### Exercise description
Taking the entries below, transcribe only the lines starting with the one with "2 fauteuils design" and going on through the one with "fr/fr/definitions) ELibraire (ou", exactly as written, without the pictures.

### Supplied records
◇ ◇ ◇ ◇ ◇ ◇ ◇

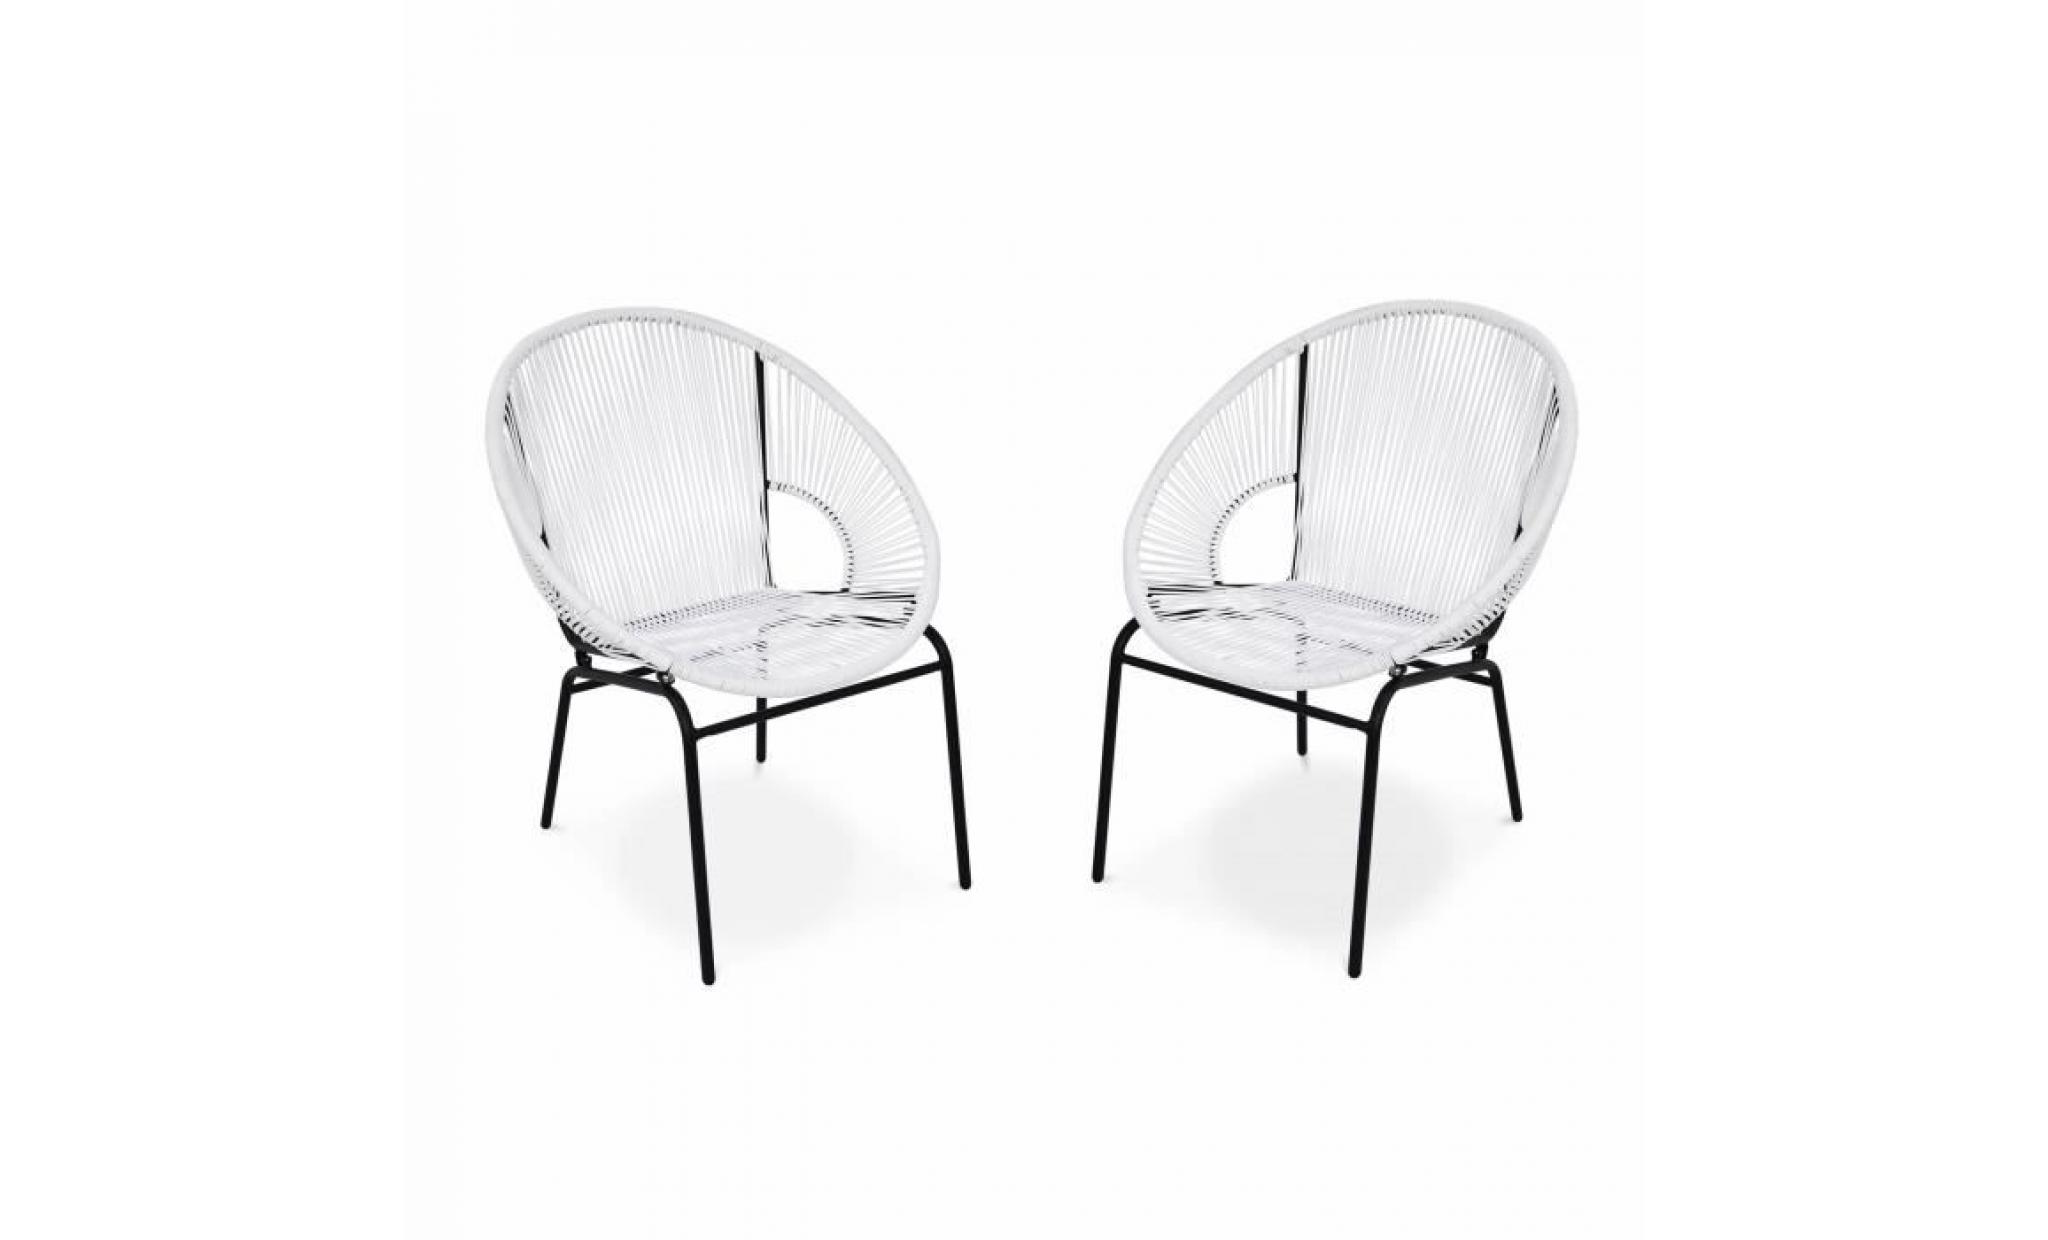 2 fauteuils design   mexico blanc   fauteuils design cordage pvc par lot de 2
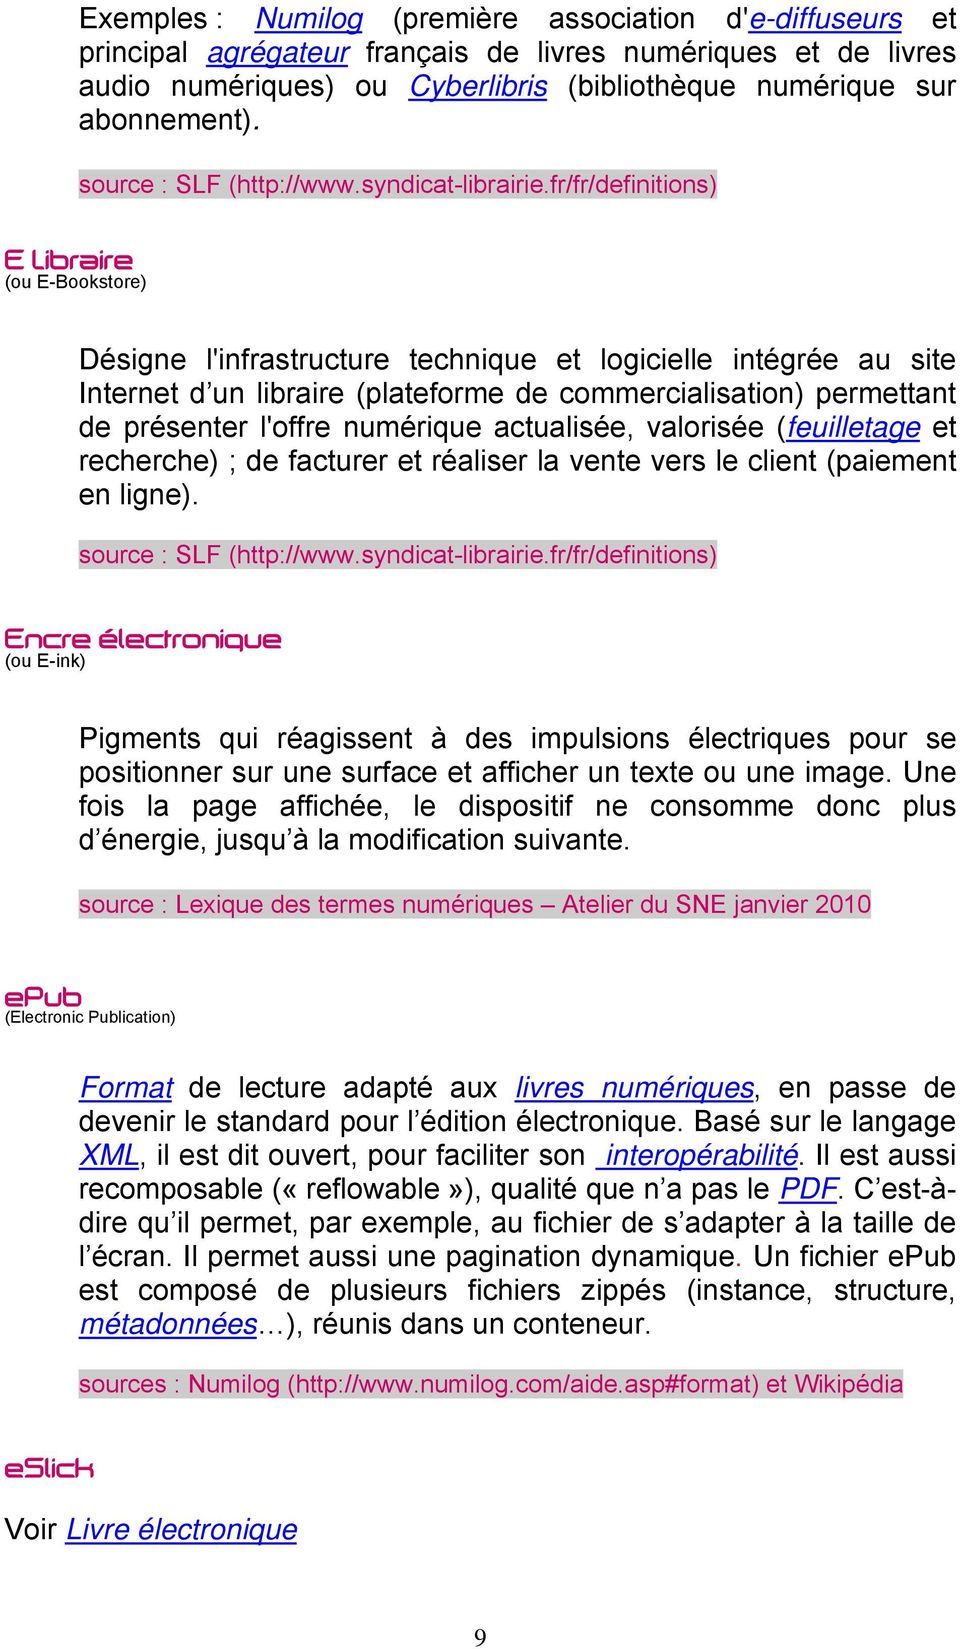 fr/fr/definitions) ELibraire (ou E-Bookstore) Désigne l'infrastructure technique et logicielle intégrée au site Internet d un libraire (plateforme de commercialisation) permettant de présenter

◇ ◇ ◇ ◇ ◇ ◇ ◇

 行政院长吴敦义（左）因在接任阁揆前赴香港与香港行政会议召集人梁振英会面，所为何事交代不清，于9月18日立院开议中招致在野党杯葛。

◇ ◇ ◇ ◇ ◇ ◇ ◇

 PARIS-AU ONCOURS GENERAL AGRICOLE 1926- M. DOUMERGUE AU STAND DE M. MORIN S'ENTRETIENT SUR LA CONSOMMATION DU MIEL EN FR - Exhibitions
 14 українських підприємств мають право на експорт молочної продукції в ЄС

◇ ◇ ◇ ◇ ◇ ◇ ◇

### Result of the exercise
 2 fauteuils design   mexico blanc   fauteuils design cordage pvc par lot de 2
 fr/fr/definitions) ELibraire (ou E-Bookstore) Désigne l'infrastructure technique et logicielle intégrée au site Internet d un libraire (plateforme de commercialisation) permettant de présenter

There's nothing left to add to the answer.